The word recovery gets used a lot with training these days. And it is really important with regards to optimal performance and injury reduction. Recovery is the ability for our body to return to a baseline level following a training stimulus. Typically it involves a period of time for our muscles, bones, nervous system etc to repair itself and build itself back to a “normal” state”. We see tons of “biohacks” discussing the ability to recover. Ice baths, sauna, foam rolling, active recovery, sleep, massage, stretching, cupping, acupuncture, red light…what actually helps?
Quite honestly, the best thing you can do is just sleep and rest. Our body is best at repairing itself after harder workouts by just leaving it alone. I forget who I heard the line from, perhaps Dr.
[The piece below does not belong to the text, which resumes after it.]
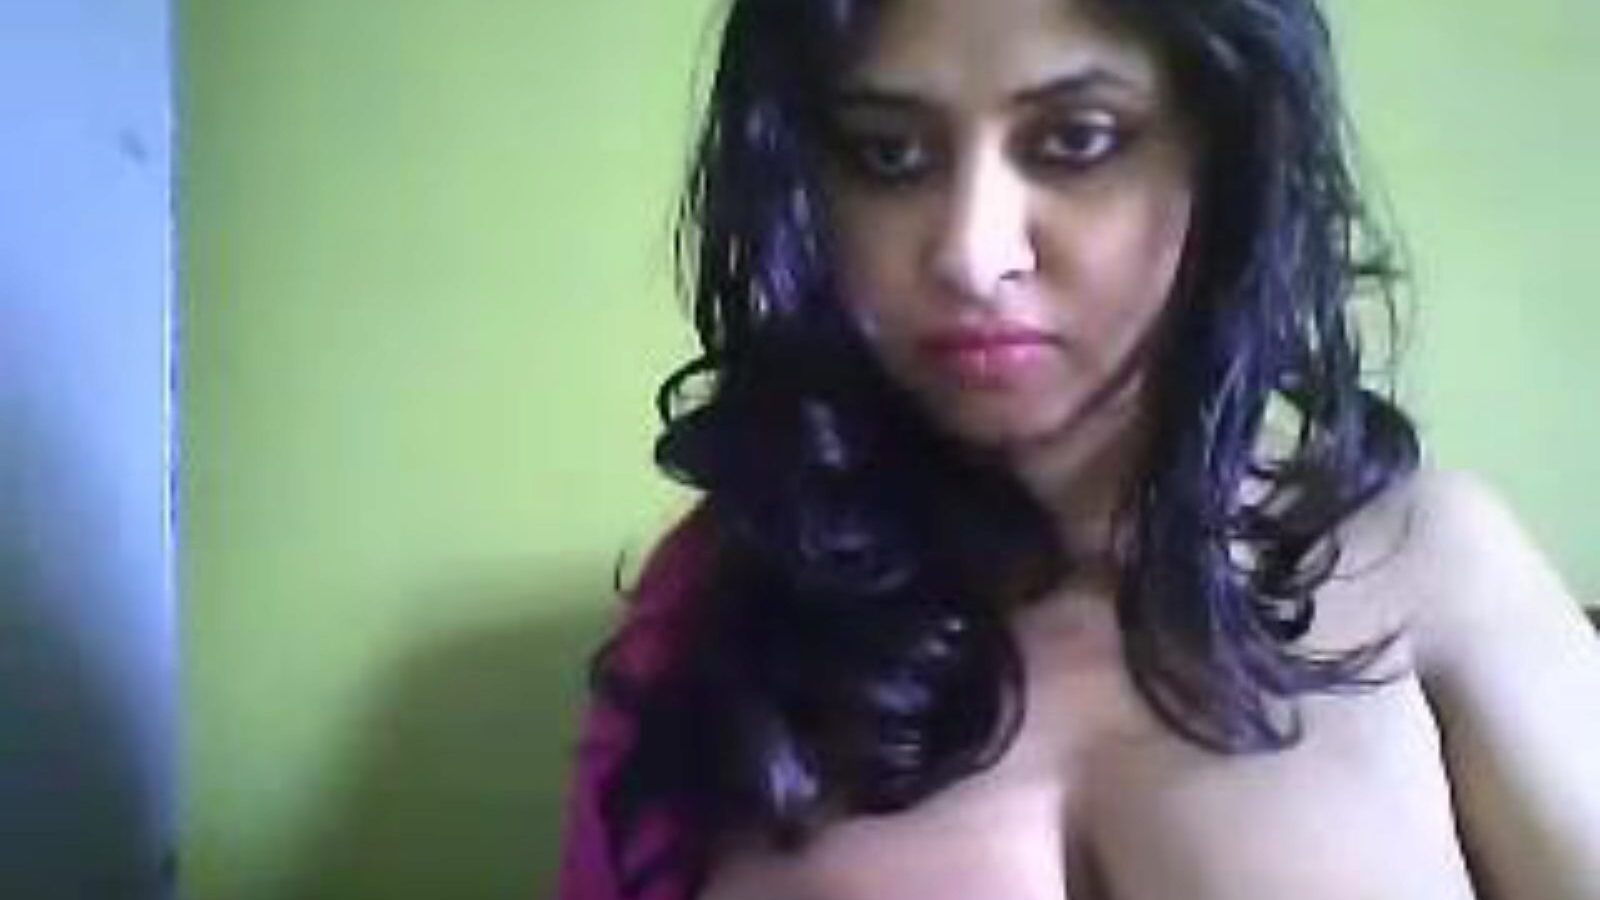 Dezső forró cam anya szeretnék baszni deepa, ingyenes indiai pornó 27: xhamster nézni Dezső hot cam anya & xxx forró pornó videók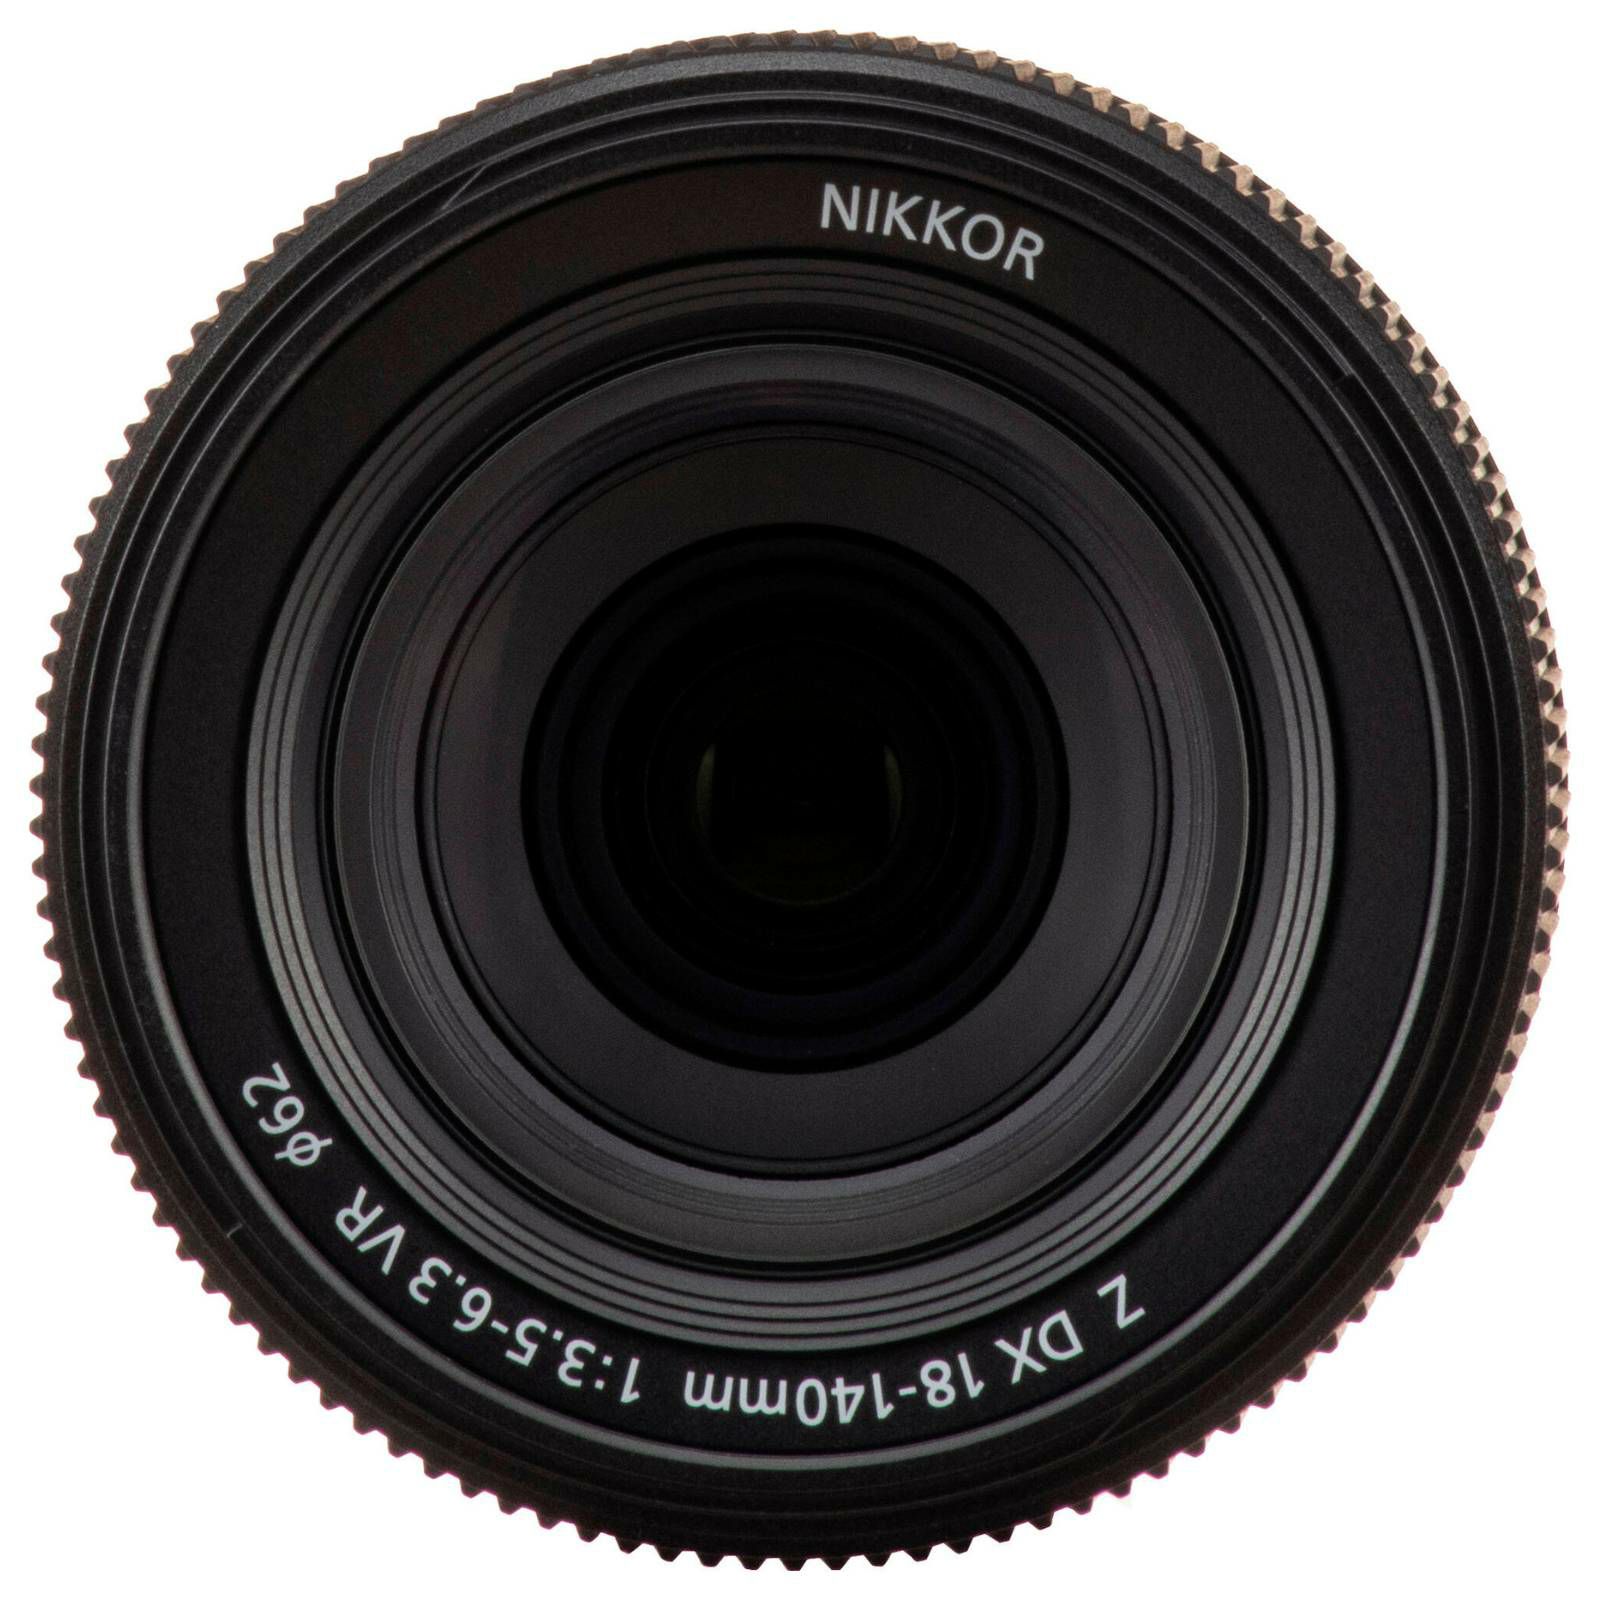 Nikon Z fc + Z DX 18-140mm f/3.5-6.3 VR Black (VOA090KB04)

Mike Israetel, but “it’s addition by subtraction.” It’s really difficult to think about adding more stress to your system that somehow helps it recover better.
There is marginal evidence that any of the above modalities improve recovery. It doesn’t make that useless. Things can definitely feel better but not be better. Many of these things are giving us a transient sensory experience that can sort of distract the nervous system for a time and allow it to perform a little better in the short term. Working with athletes or lifters who train consistently at higher levels can utilize these techniques to help them perform again and again and get a little bit better performance out of them because they “feel” better or looser or more freedom of movement. But the feel good stuff is a bit of an illusion because it isn’t ACTUALLY making you any better or more recovered. Again, this isn’t an attack on any of these strategies because they can be really effective at helping those elite athletes perform better in those short windows. But for most of us average, amateur level fitness enthusiasts, we aren’t training hard enough to require it. Getting a good sleep and sitting on our a** is probably the best thing we can do after a bout of intense exercise, and usually isn’t worth the thousands of dollars in investment for cold tanks, saunas, red lights, massage chairs…there’s just no evidence that they are actually effective in helping with recovery. If you have the means or you just like the way it makes you feel, please, by all means. It may make a small difference and allow you to perform just a little bit better. But on the whole, there is no magic pill that’s going to help you more than a good night’s sleep.